### REQUIRED ACTION
Reproduce every line of the material below, but drop the pictures.

### SUPPLIED INFORMATION
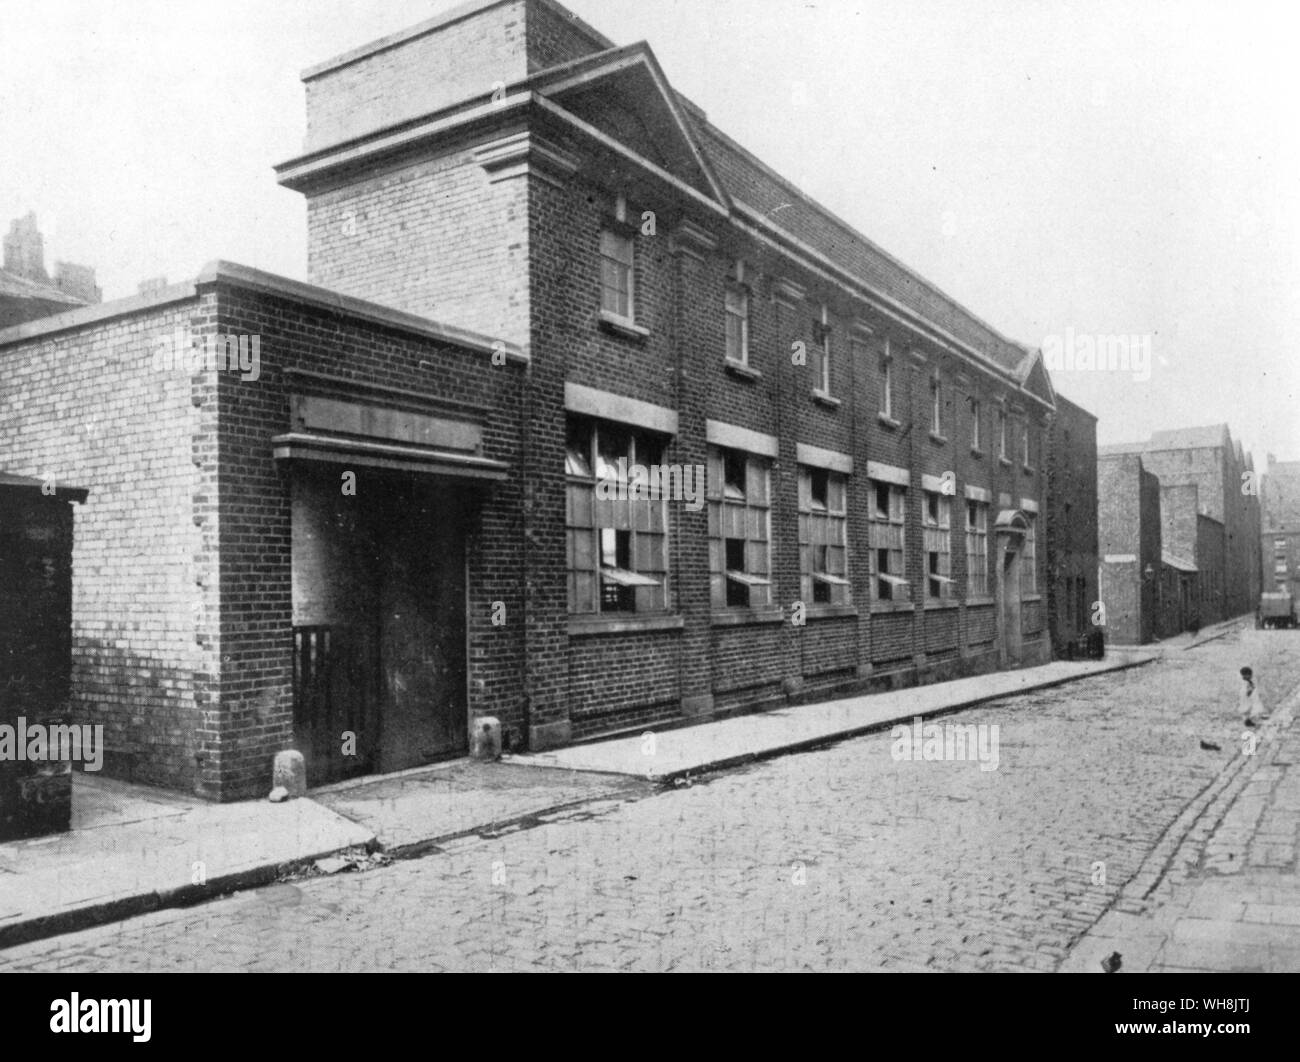 A public bath house founded in mid nineteeth century Liverpool by Kitty Wilkinson who tried to improve the living conditions of the poor Stock Photo
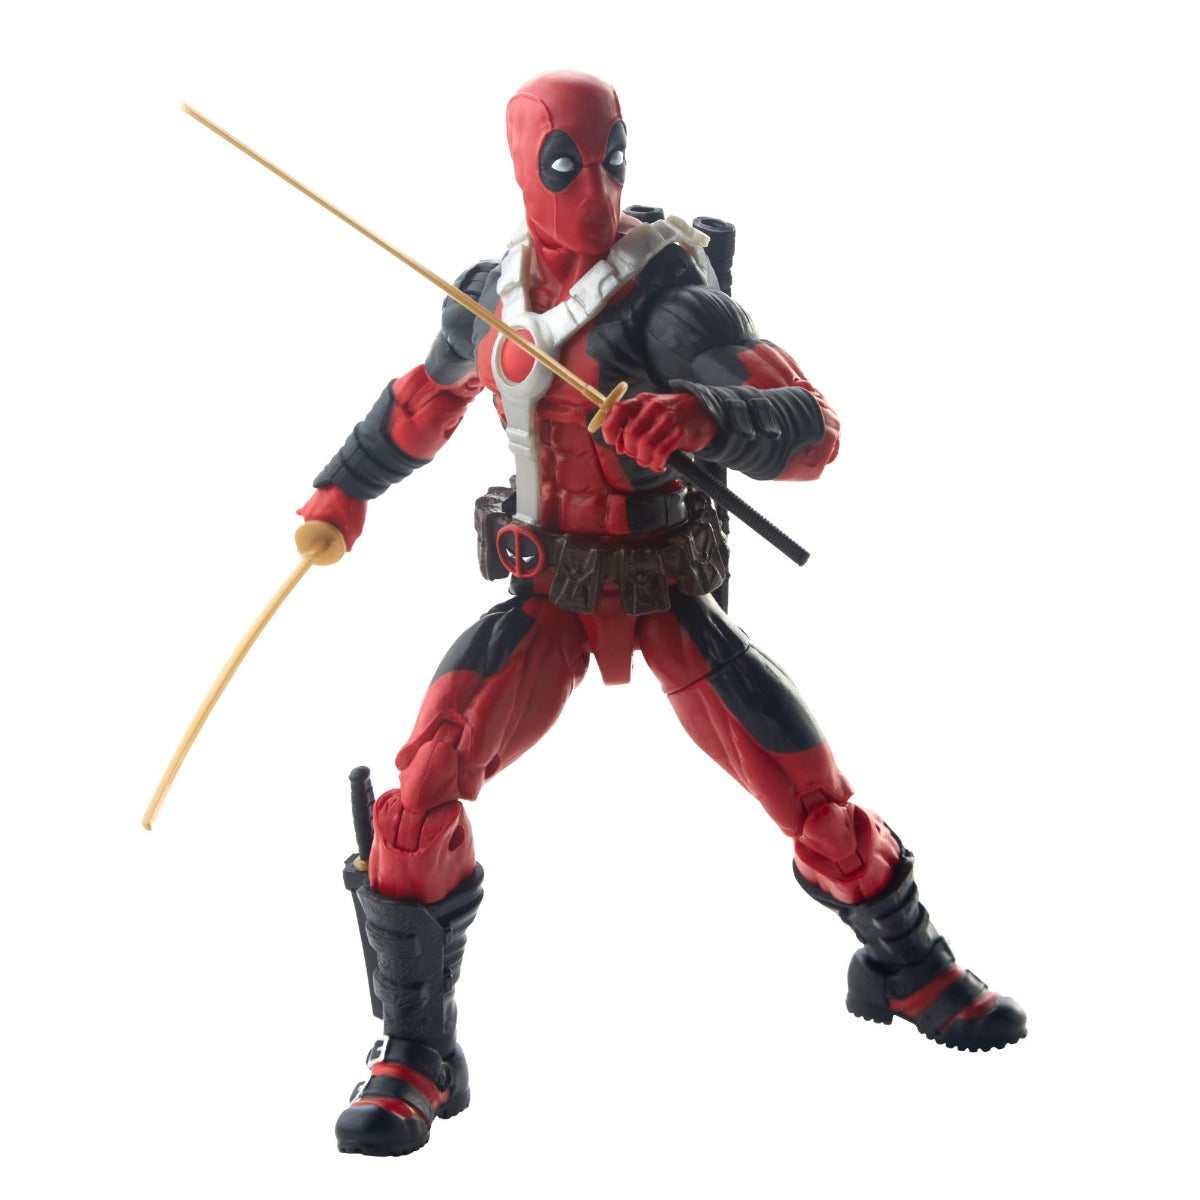 Marvel Legends Series Deadpool with Scooter Action Figure
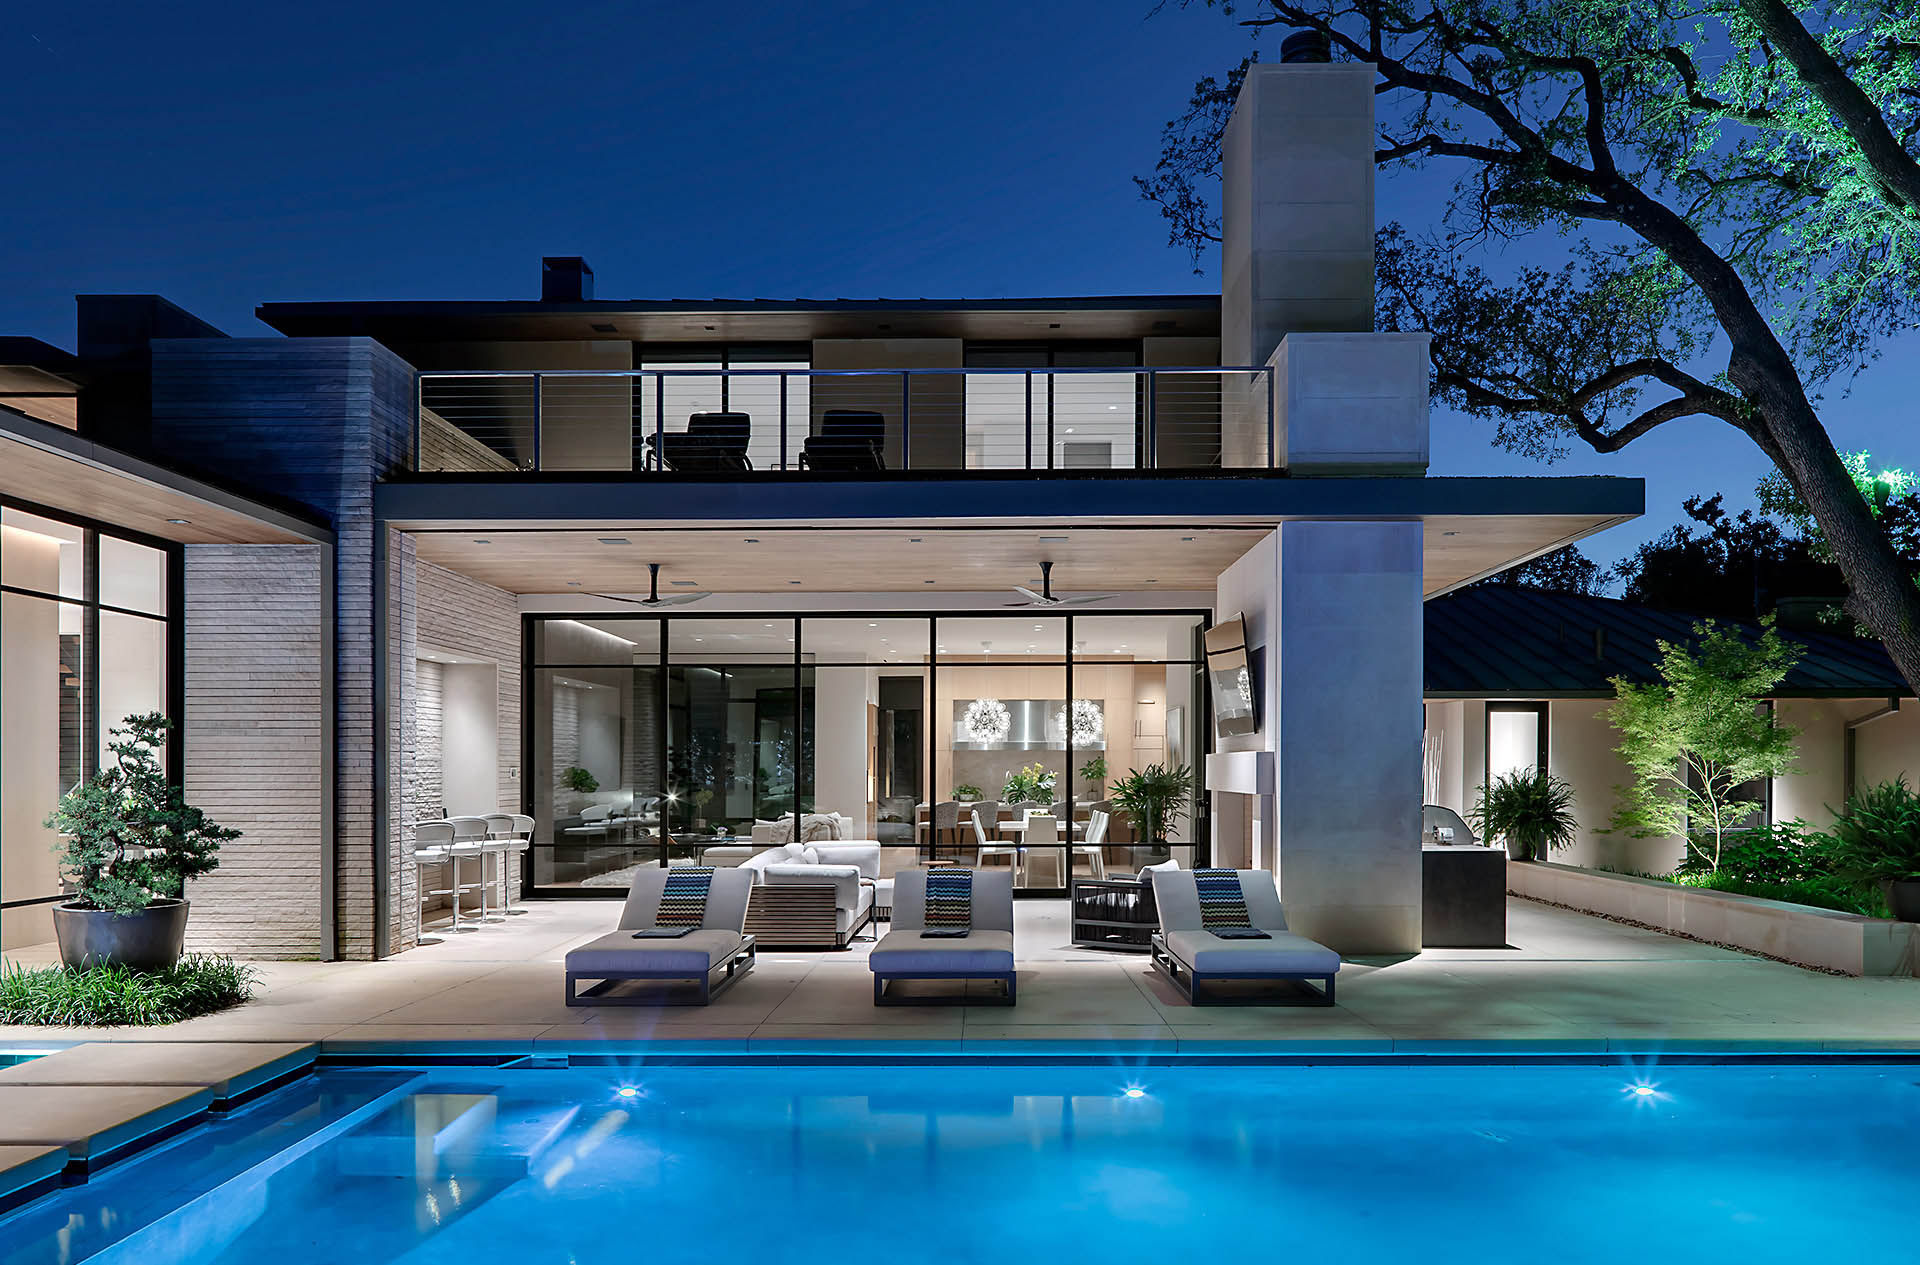 A Bernbaum/Magadini Architects modern contemporary in Preston Hollow Dallas Texas featuring views of living area from pool terrace.

### EXPECTED ANSWER
 A public bath house founded in mid nineteeth century Liverpool by Kitty Wilkinson who tried to improve the living conditions of the poor Stock Photo
 Marvel Legends Series Deadpool with Scooter Action Figure
 A Bernbaum/Magadini Architects modern contemporary in Preston Hollow Dallas Texas featuring views of living area from pool terrace.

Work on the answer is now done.